The forum gives you a place to ask questions and to look for solutions that you might not be able to find on your own. We created it to have a place for people to talk. We started back at the beginning of the pandemic and continue to see people using that as a powerful resource. It’s a great place to connect with like-minded evidence custodians and managers.

I’d also like to direct your attention to Tracker Products. This webinar was made possible because of our partnership with them. They’re an evidence management software solution, and I highly recommend that you check them out. They keep the lights on here, and we are very appreciative of that. 

Today, this is episode number 14. This is kind of the Do It Yourself guide to inventories inspections and audits. We want to talk about inspections, audits, and inventories – doing things on your own and being successful at that – but also, knowing when to call the plumber. Most agencies out there, and many of the folks that I’ve met over the years, are fully capable of performing these processes on their own. We just want to give you some additional resources to encourage you to step out on your own to accomplish them.

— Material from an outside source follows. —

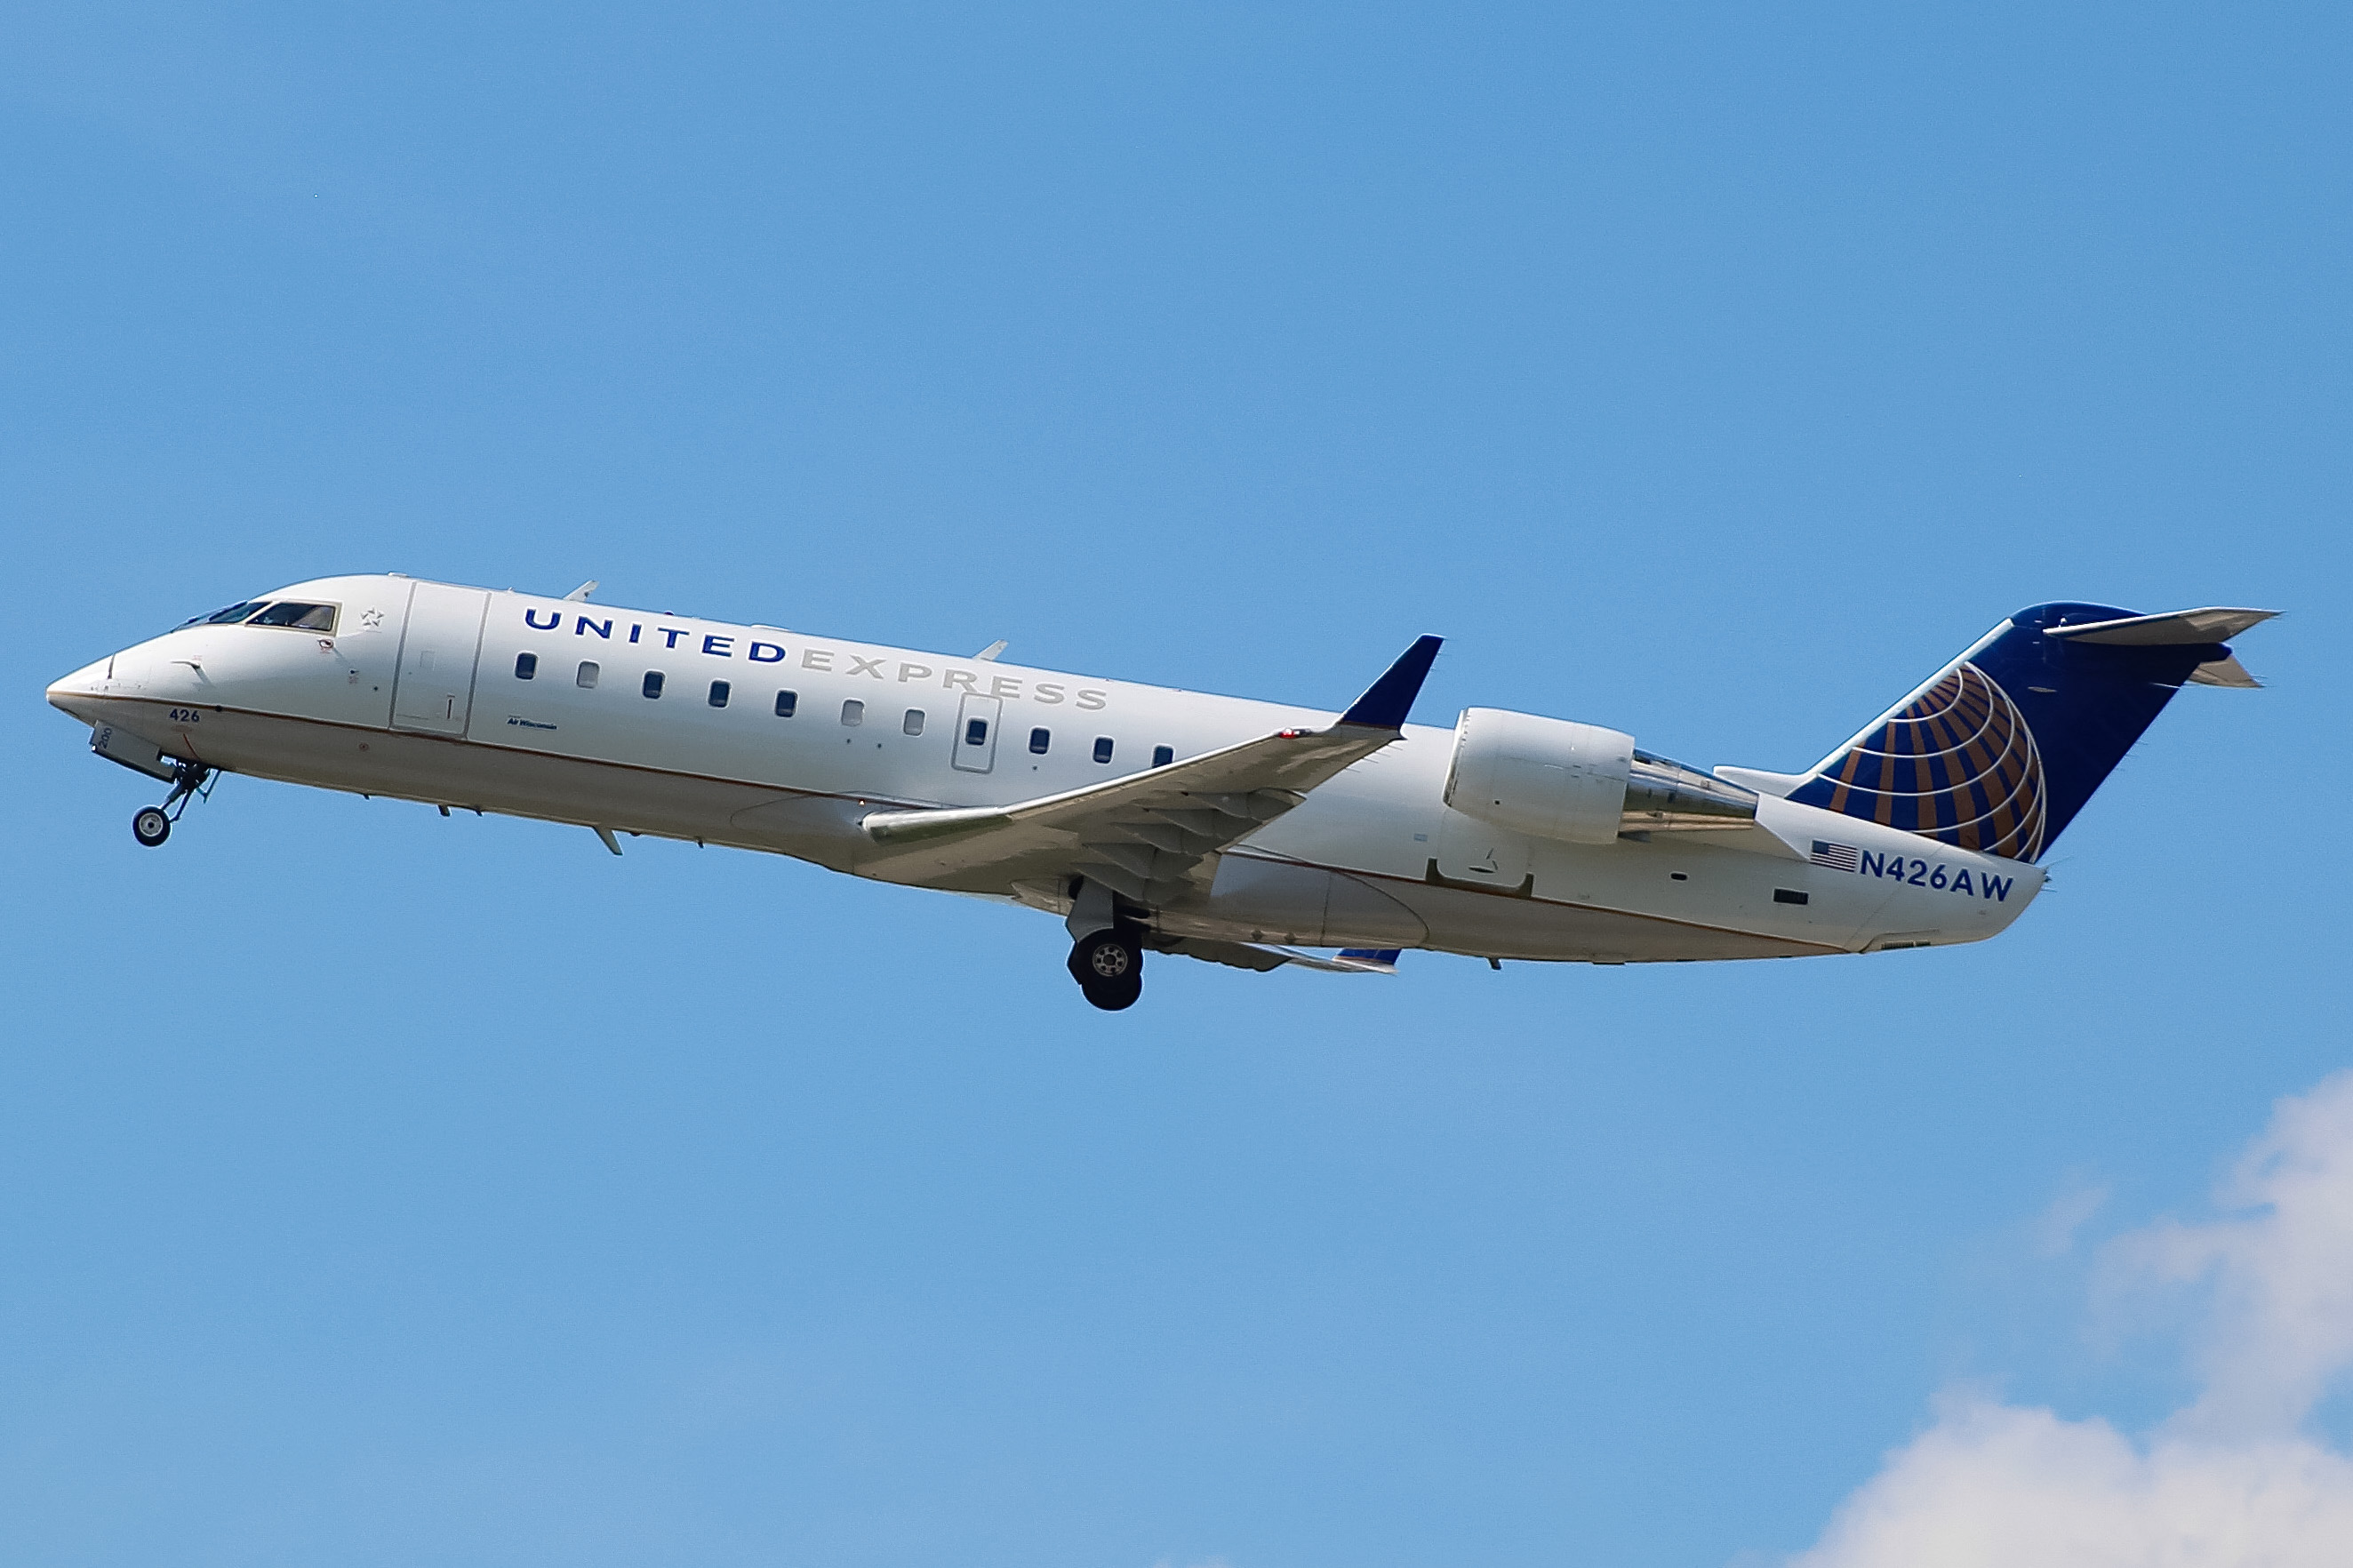 PHOTOS: United Express Jet Overruns Runway in Dayton, Ohio

So, what are we talking about today? We’ll talk about the Do It Yourself process for inspections, audits, and inventory. Then we’ll spend some time on the back end, doing a review of inspections, audits, and inventories. If you haven’t gone over any of our online information regarding the EMI Standards and Best Practices or been to one of our FREE training classes, we’ll give you a review of the information to make sure that you’re hitting all the high points.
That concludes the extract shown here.